Peter Spillmann, Olivier Hadouchi and myself went to Paris last week to meet the Laâbi’s. The conversation will be published soon, the exchange was great and full of new insights.

Photo by Olivier Hadouchi

  1. Transcript and translation of a conversation recorded July 14, 2015, in Créteil, Paris, with Abdellatif Laâbi, poet and editor of Souffles-Anfas magazine published in Rabat from 1966 to 1972.[1]

Abdellatif Laâbi: First there was an understanding that my generation could not move forward without having resolved our problems with the colonial experience. The generation that preceded us, of Moroccan men and women, was preoccupied with the political fight against the colonial system. That generation succeeded, as Morocco was able to regain its independence in 1956. But that generation never asked itself the question of whether colonization was a loss of autonomy and national dignity or if it was a loss of something else. What happens in a colonial situation? Is it simply political oppression, economic, all of that? Or is it something else? It was my generation that concretely asked itself about these problems. What happened culturally? What was the colonial enterprise in the framework of culture? What was the impact of colonial politics on the being, on the psychology of Moroccans, on their identity, on the relationship they have with their past, present, and future?
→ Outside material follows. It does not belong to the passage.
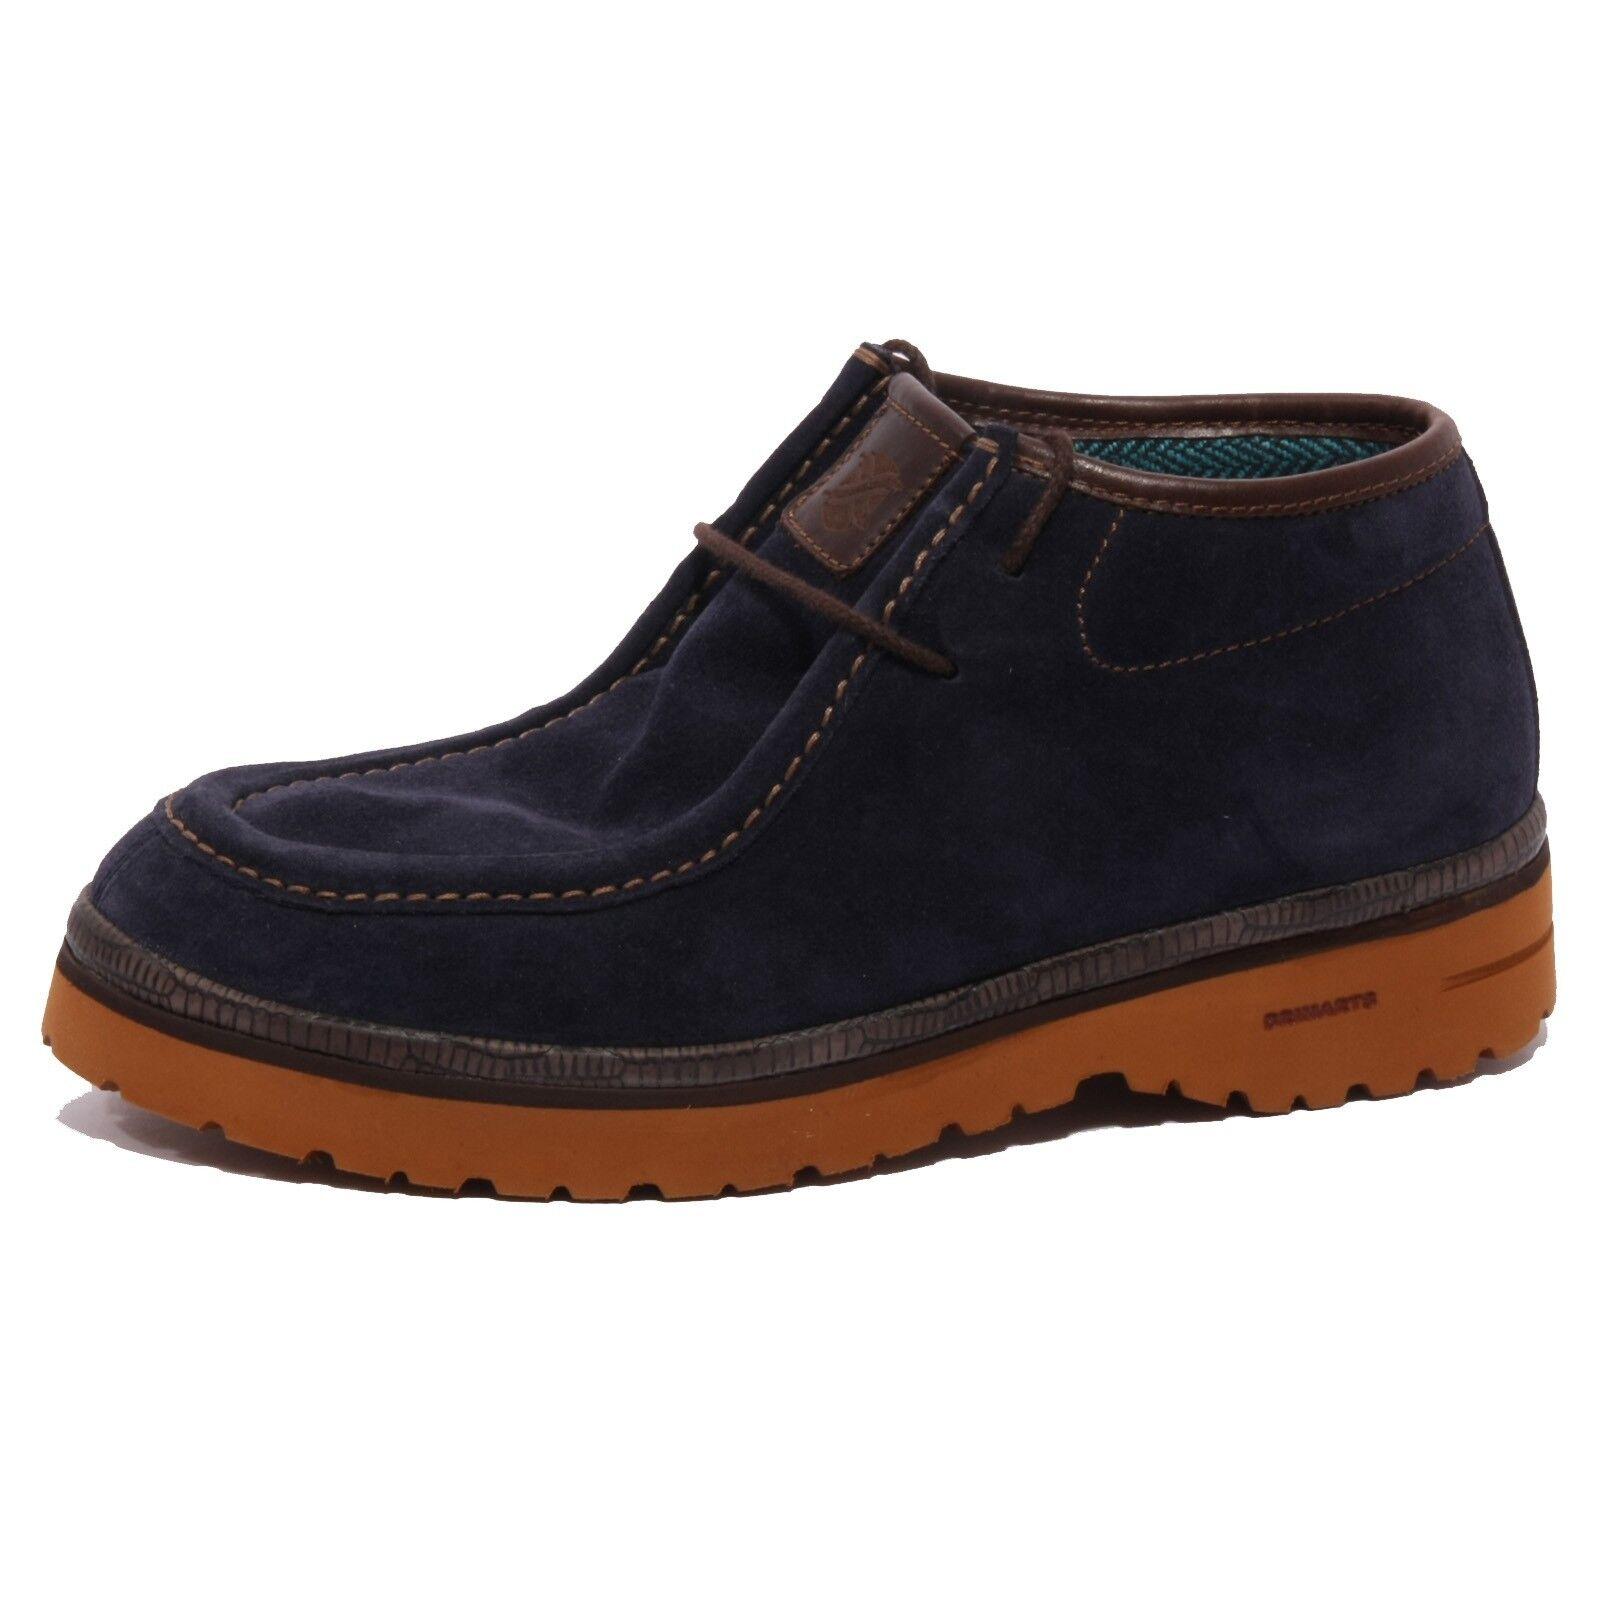 B1347 polacchino uomo BRIMARTS blu scarpa suede shoe men
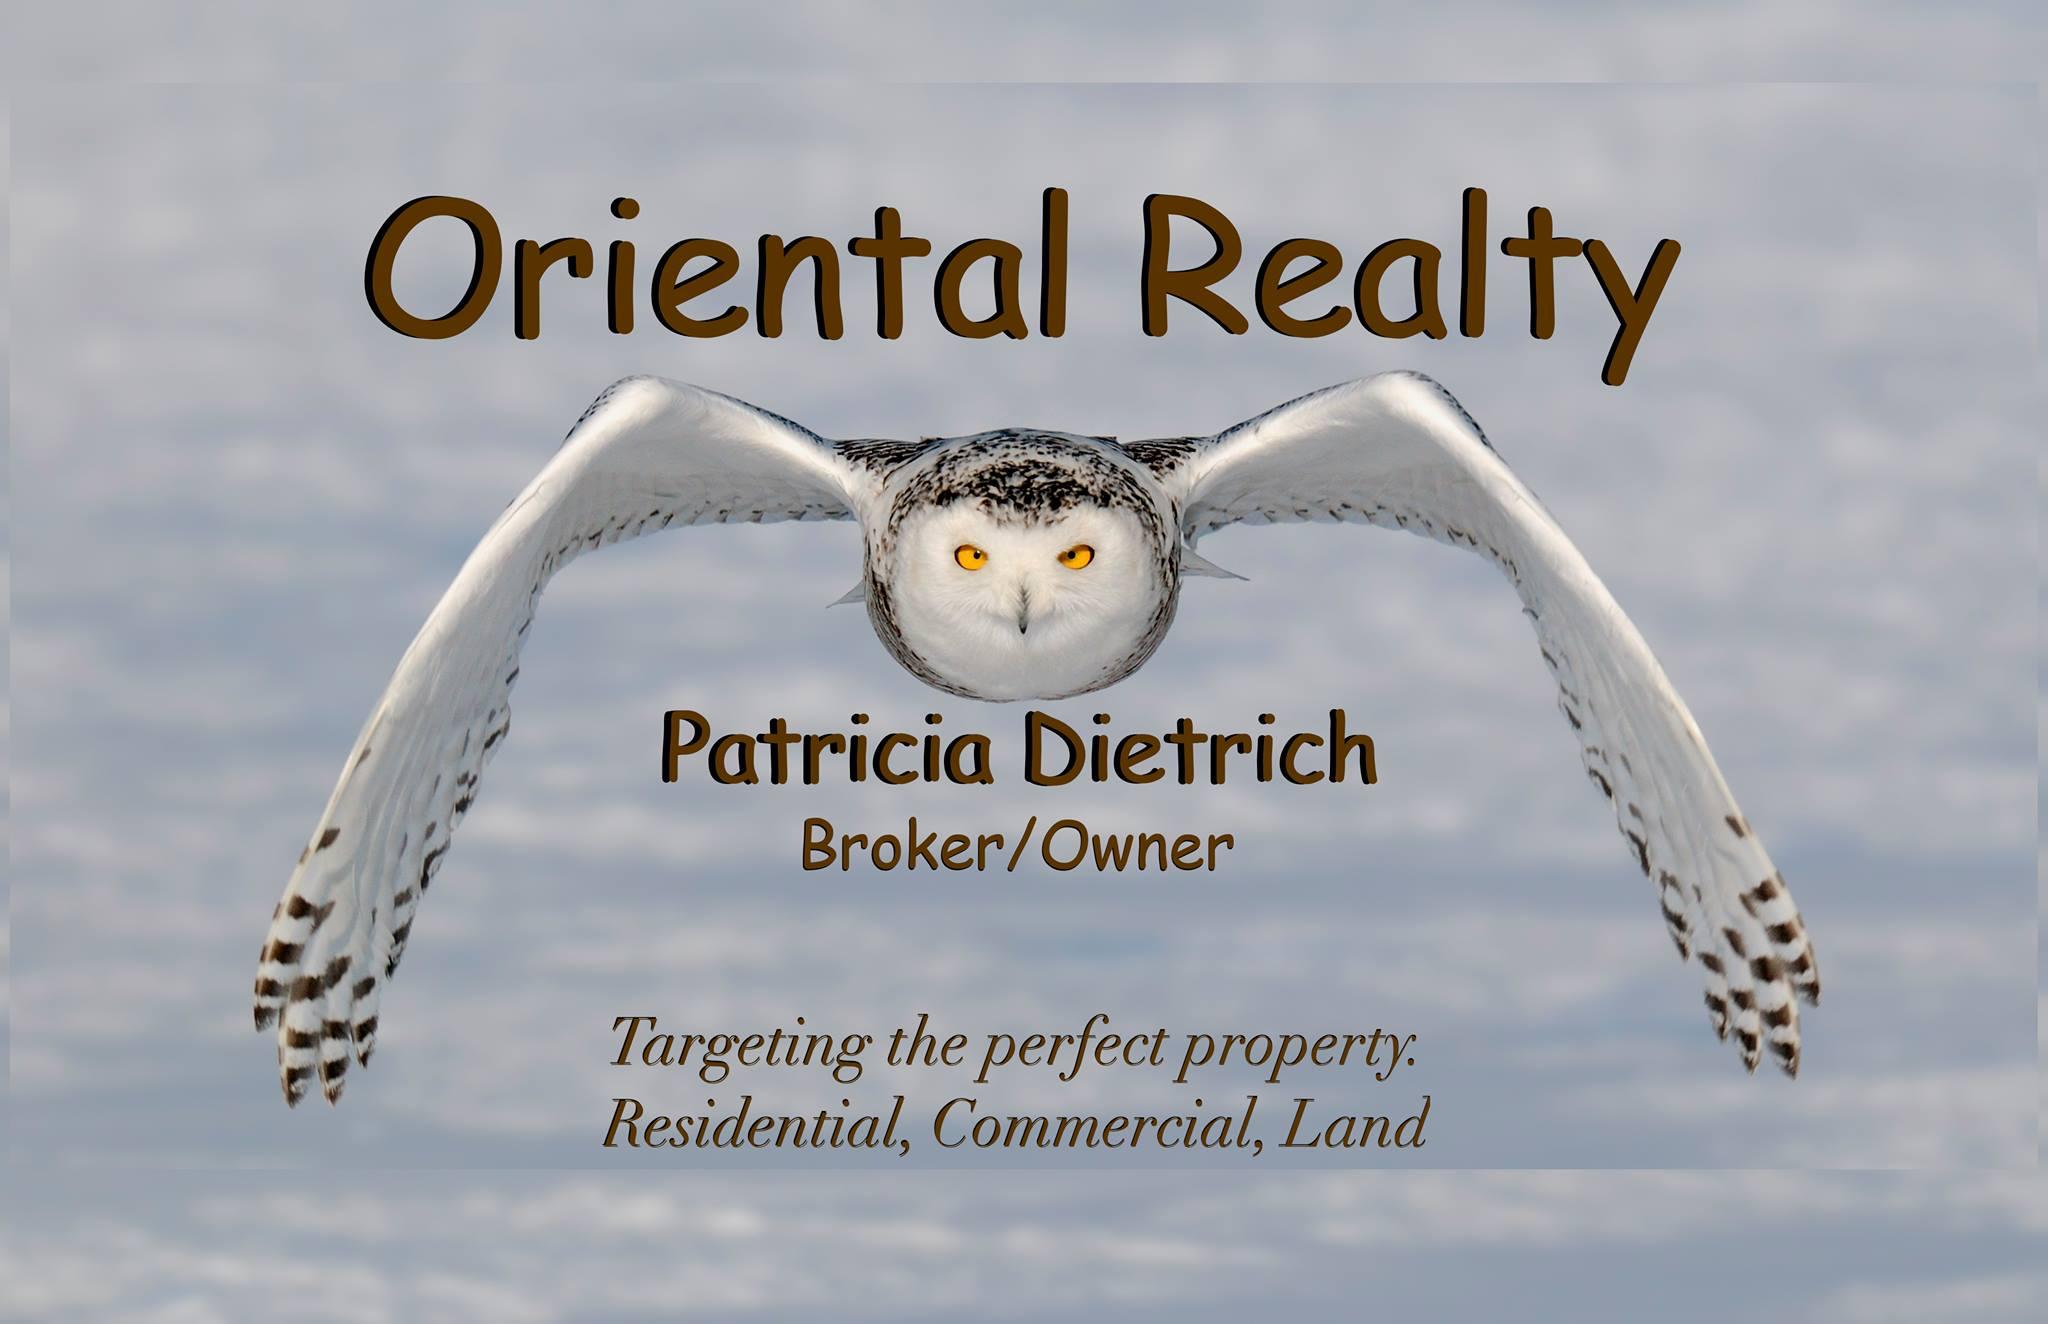 Oriental Realty

Our first challenge was: How to decolonialize minds? How to decolonialize culture? How do we rediscover our autonomy, our freedom of creation, in relation to a culture that was imposed upon us? But with this paradox: all of that must happen in the language of the colonizer. A paradox, a contradiction. It was necessary to deal with this paradox and this contradiction. How to produce a literature that would carry this movement for the emancipation of the human being? We worked with the only language that we had at our disposal. We didn’t choose it. I didn’t choose to write in French—French was imposed upon me during a history that went beyond me personally. The important thing was to see what I did with this language. What did I succeed in creating within this language? How did I make this language my own?

The second challenge, which came out of the first, was to ask oneself: What does it mean to be Moroccan? Ten years after independence, we asked ourselves the question of identity. And we answered it with a clear response, one very original for the time: we claimed a cultural plurality. To be Moroccan is to be Arab Muslim, Amazigh (Berber), Jewish, African, Mediterranean, Saharan. We claimed our identity as one of pluralism, because Moroccan identity can only be understood if we see all the components that constitute it.

The third challenge was: How to create a new literature? A literature that carries the mark of our memory, of our personality, our subjectivity. I believe that what was created with the journal Souffles was a sort of rupture, a sort of forward flight. We rejected the models that existed at the time, whether that be the Western literary model or the Arab literary model, the Near East. We had to invent our own model. And therefore, inevitably, there was a very violent split at that time. It was necessary to go forth into the unknown. We took a leap into the unknown, maybe not exactly entirely consciously. It was an urge that led us to make this jump into the unknown.

We felt that there was a universal dimension to our adventure. A Maghrebian dimension. Because we knew that in the other Maghreb countries, there were the same realities, the same challenges. But also beyond the Maghrebian dimension. This universal dimension was evident to us right away.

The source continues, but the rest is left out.